Le rebond de croissance espéré pour 2021 pour la zone euro (+3,8%, contre une décroissance de 7,8% en 2020) se poursuivra en 2022 avec une inflation qui restera en dessous de l’objectif de 2% de la Banque centrale européenne. Dans les pays émergents, l’inflation restera par contre élevée pour un niveau de croissance équivalent à ceux prévus dans la zone euro.

Les effets structurants de la crise

La crise du Covid a eu un fort impact conjoncturel. Mais elle aura aussi des conséquences profondes à long terme, estime Yves Nosbusch. «L’économie va connaître des changements du côté de l’offre, avec la modification des chaînes de valeur pour renforcer la résilience aux chocs. D’autres évolutions sont attendues du côté de la demande. Certaines nouvelles habitudes de consommation apparues pendant le confinement – comme le large recours à l’e-commerce – pourraient perdurer. Cette évolution est particulièrement importante au niveau sectoriel. On peut en effet se demander comment le télétravail influera sur la demande de bureaux, quel sera l’impact des achats en ligne sur la demande de surfaces de vente, celui de la vidéo en streaming sur les salles de cinéma, les théâtres, les stades, ou encore les répercussions de la visioconférence sur les déplacements professionnels. Les perspectives de croissance à long terme de certaines industries pourraient être sensiblement différentes.»

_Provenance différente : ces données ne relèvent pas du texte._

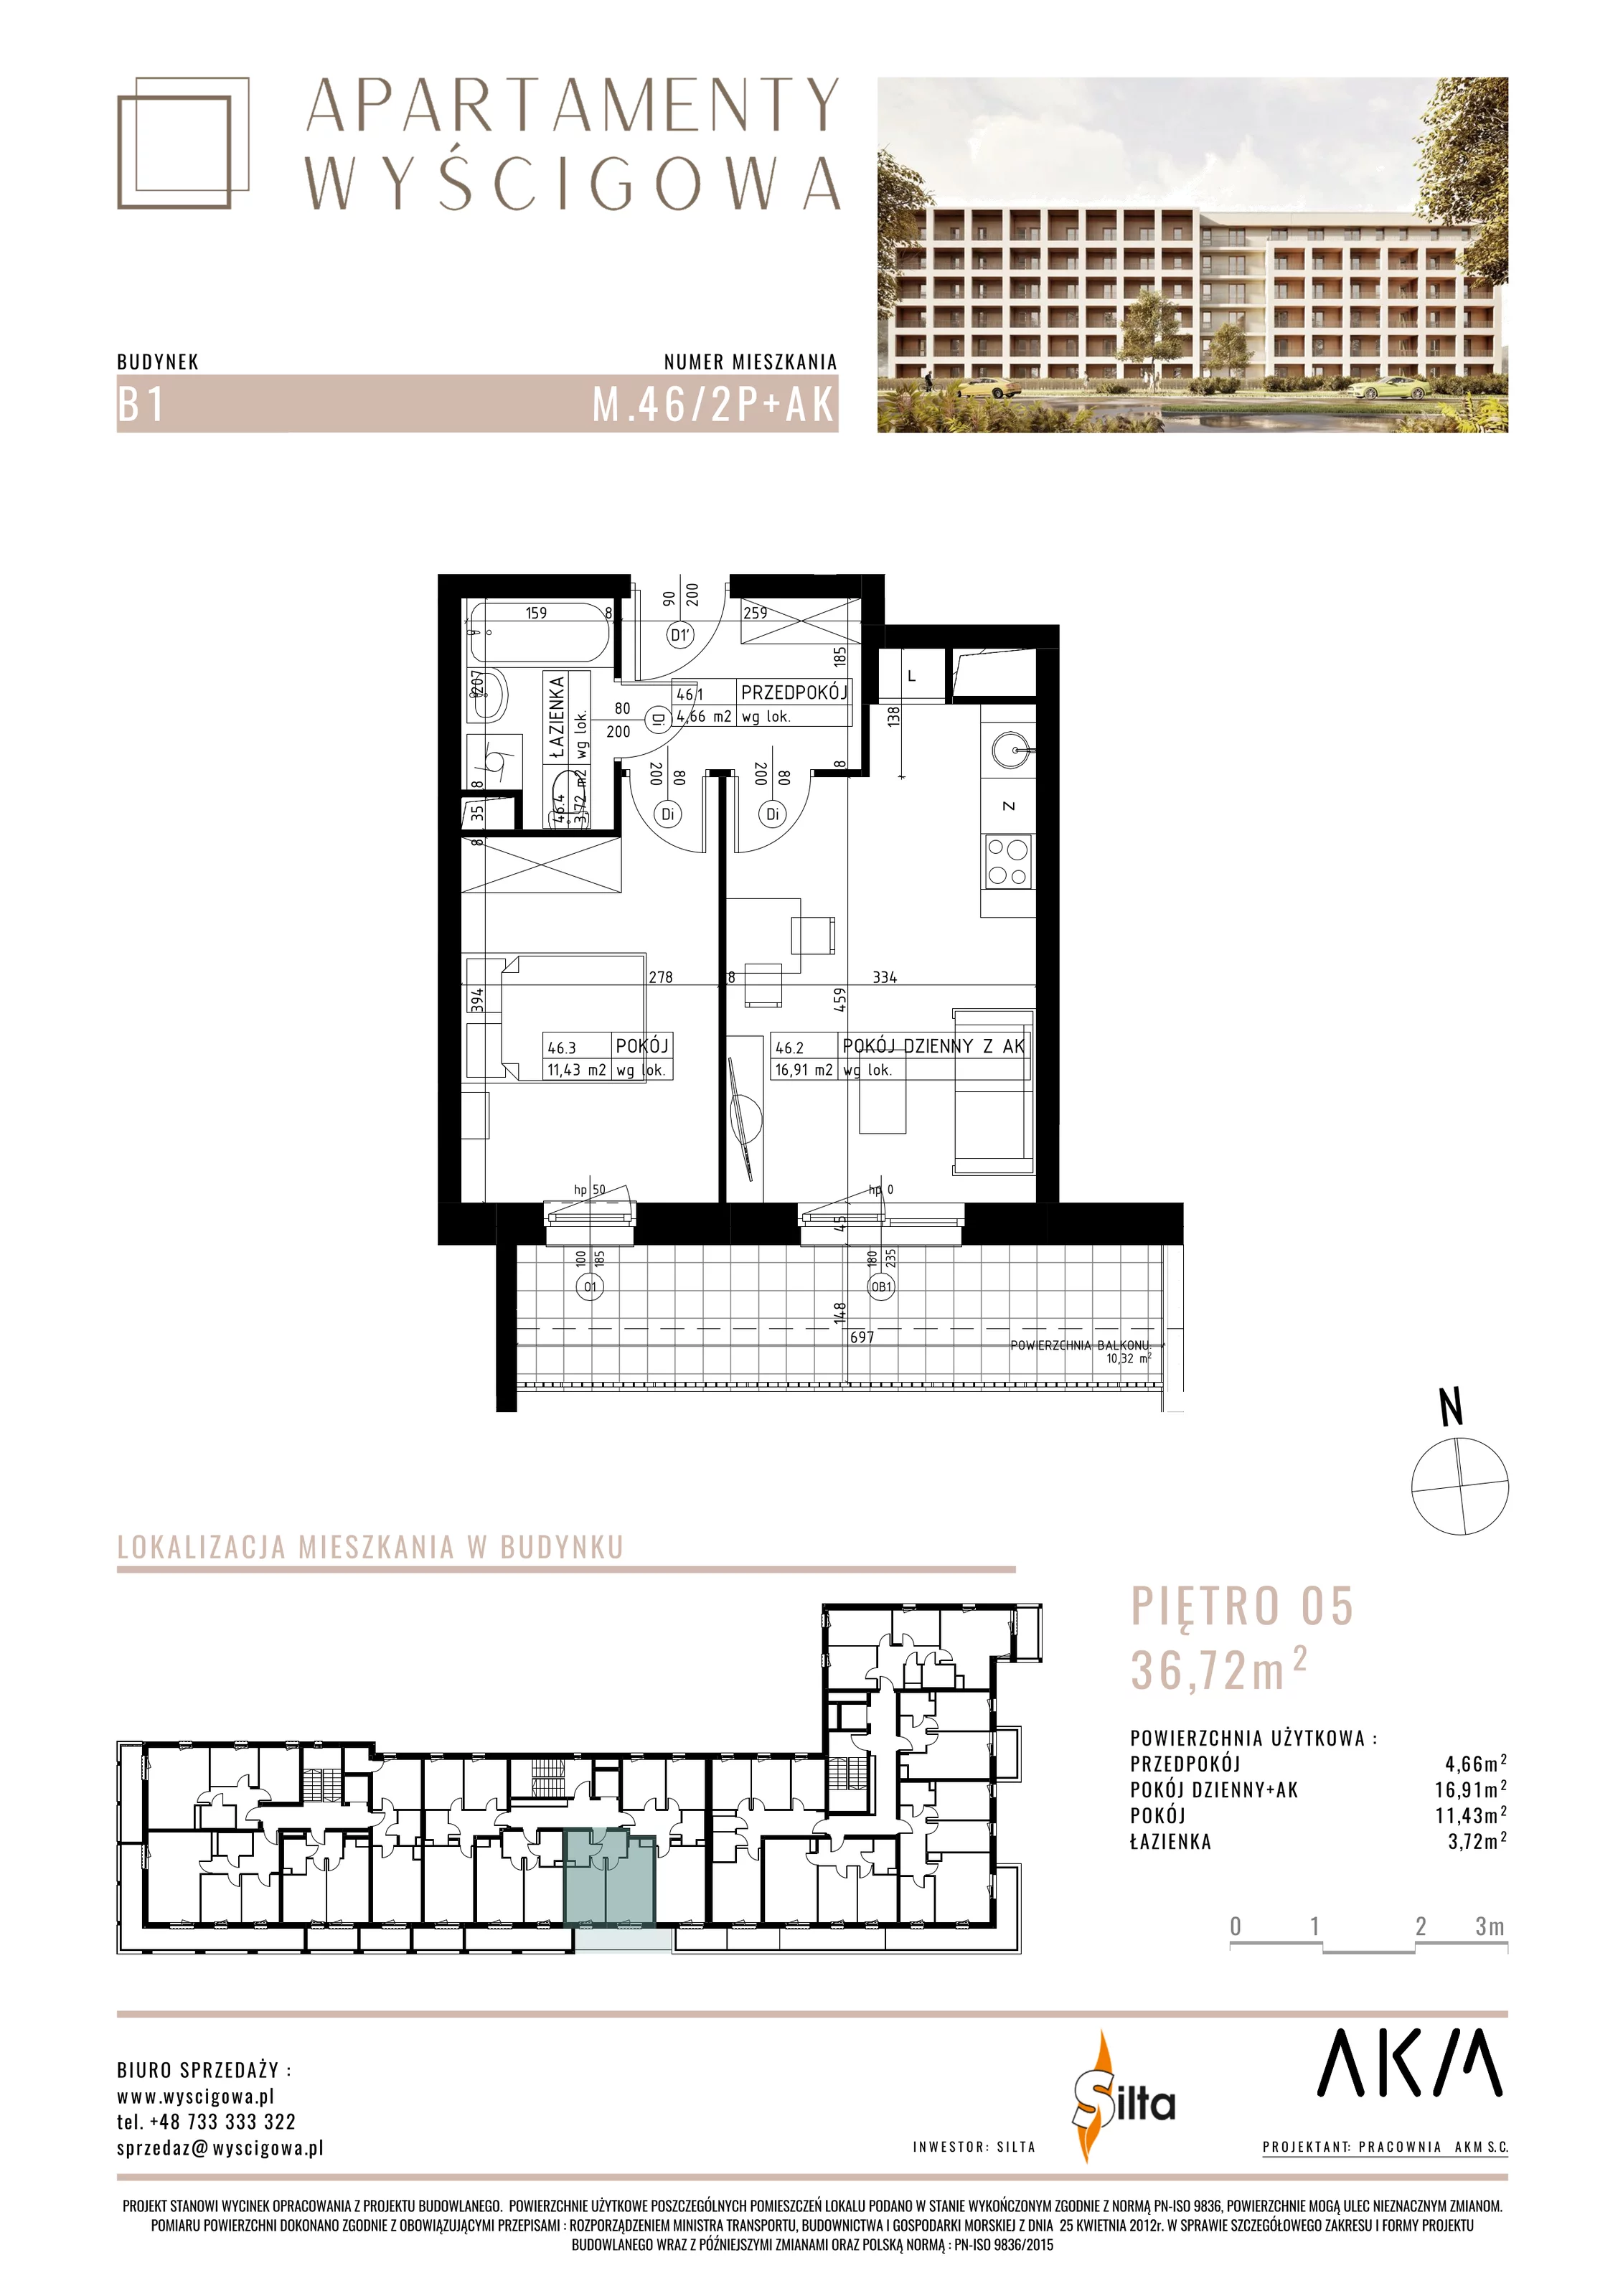 Mieszkanie 36,72 m², piętro 5, oferta nr B1.M46, Apartamenty Wyścigowa, Lublin, Dziesiąta, Dziesiąta, ul. Wyścigowa

Prévisions de croissance et d’inflation pour 2021-2022. Source: BNPP Group Economic Research

Prévisions de croissance et d’inflation pour 2021-2022. Source: BNPP Group Economic Research

Le grand problème d’avant la crise n’a pas perdu de son importance: le réchauffement climatique s’accélère, constate l’économiste pour qui la seule solution est l’abandon progressif des énergies fossiles. «La crise sanitaire actuelle pourrait être l’occasion de faire avancer les choses dans ce sens. En Europe, les plans de relance mettent l’accent sur l’investissement vert. Cela rend d’autant plus importante la 26e Conférence des Nations unies sur les changements climatiques (COP26), qui se tiendra à Glasgow en novembre prochain. À cette occasion, les pays devraient convenir d’un nouveau durcissement des objectifs de réduction des émissions de gaz à effet de serre.»